Dealing with pressure for high academic expectations: when cultures cross borders
Stephanie Hagen
During our recent class on trends in comparative education policy, one of the students’ team school improvement presentations focused on the South Korean education system, the extremely heavy pressure it places on students to succeed academically, and approaches to reduce it.
Following the presentation, the class had a lively discussion about how an education system may be able to mitigate this pressure when high expectations are already embedded so deeply in the society or culture.
This reminded me of my own academic experience in the United States since I attended a school district in an extremely multi-cultural community. A majority of the students are of Asian descent and many of them are children of immigrants who have arrived from China, South Korea and India. As the demographics of the community have shifted, so has the school district's approach towards education.
Many of these parents are demanding that the school board provide greater and more rigorous academic challenges for their children while traditional extracurricular such as sports teams may not be able to survive much longer due to lack of participation. The school board is pushing back, fearing that an extreme, singular focus on academics may prove to be emotionally too much for the children.
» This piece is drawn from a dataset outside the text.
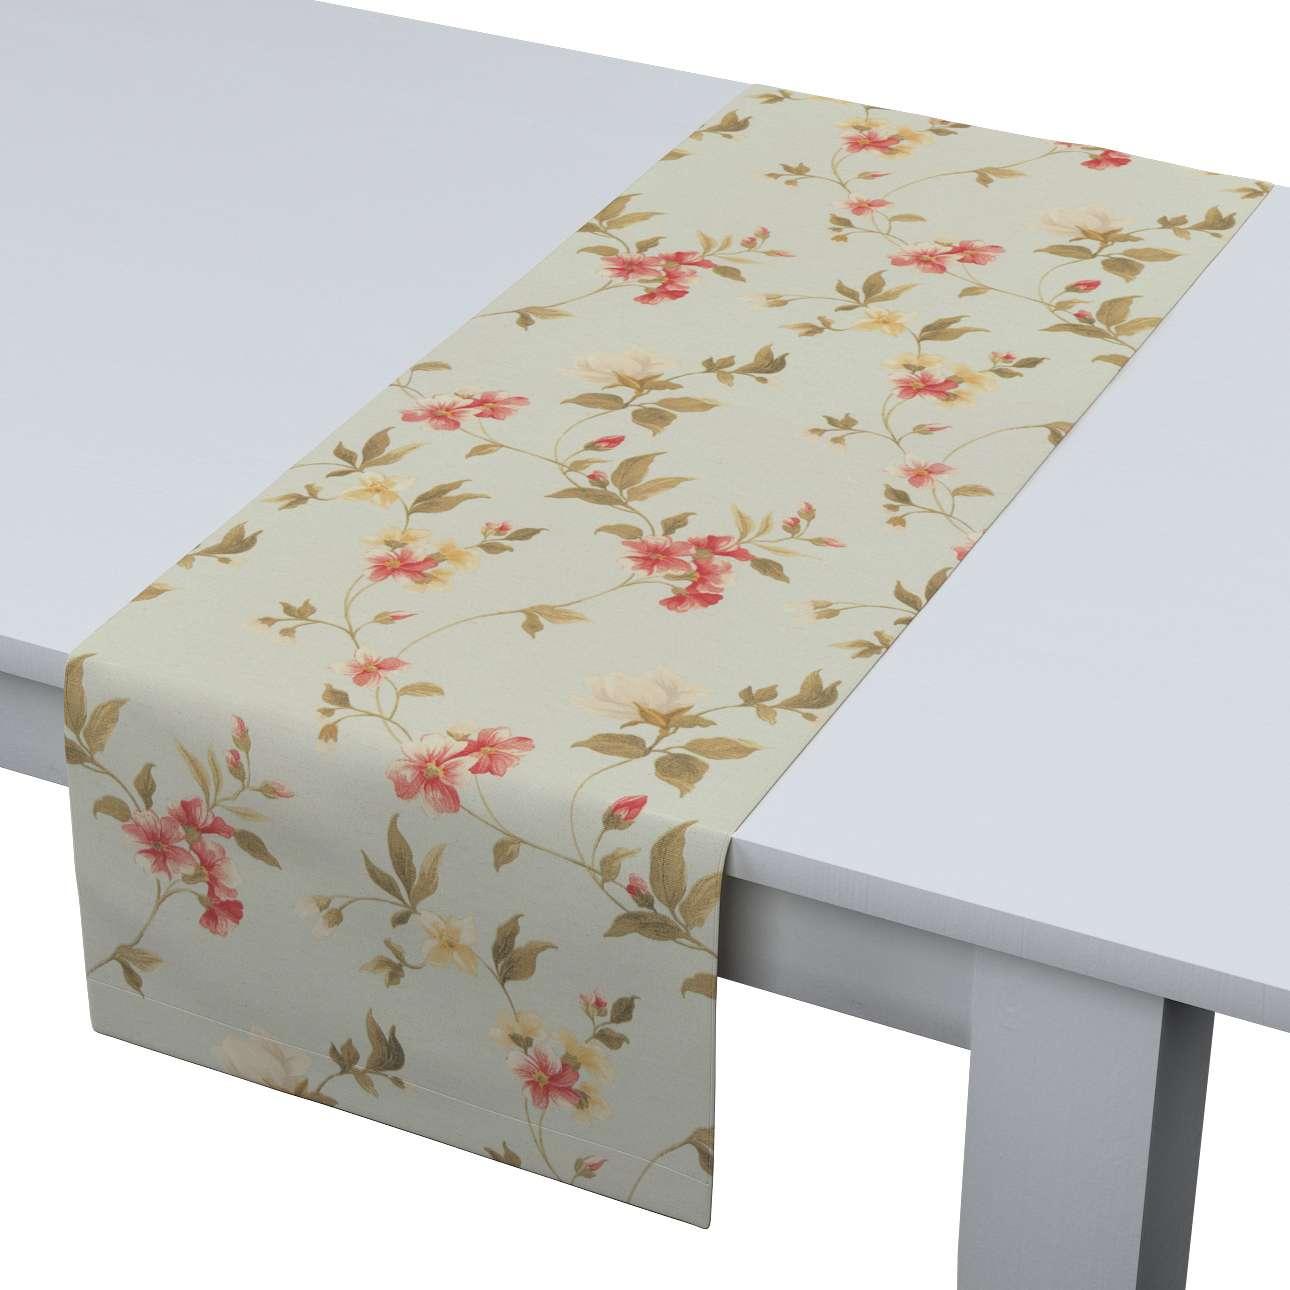 Rechteckiger Tischläufer 40 x 130 cm von der Kollektion Londres, Stoff: 124-65

This has caused quite a bit of tension between Asian-American parents and other parents as to how to best educate their children and the current situation was recently described in-depth in a New York Times article from last December.
What is clear is that in this community, and in many increasingly multi-cultural communities across the country, finding a middle-ground in which students will be encouraged to succeed academically but not so much that they are pushed to their limits emotionally will be a challenge.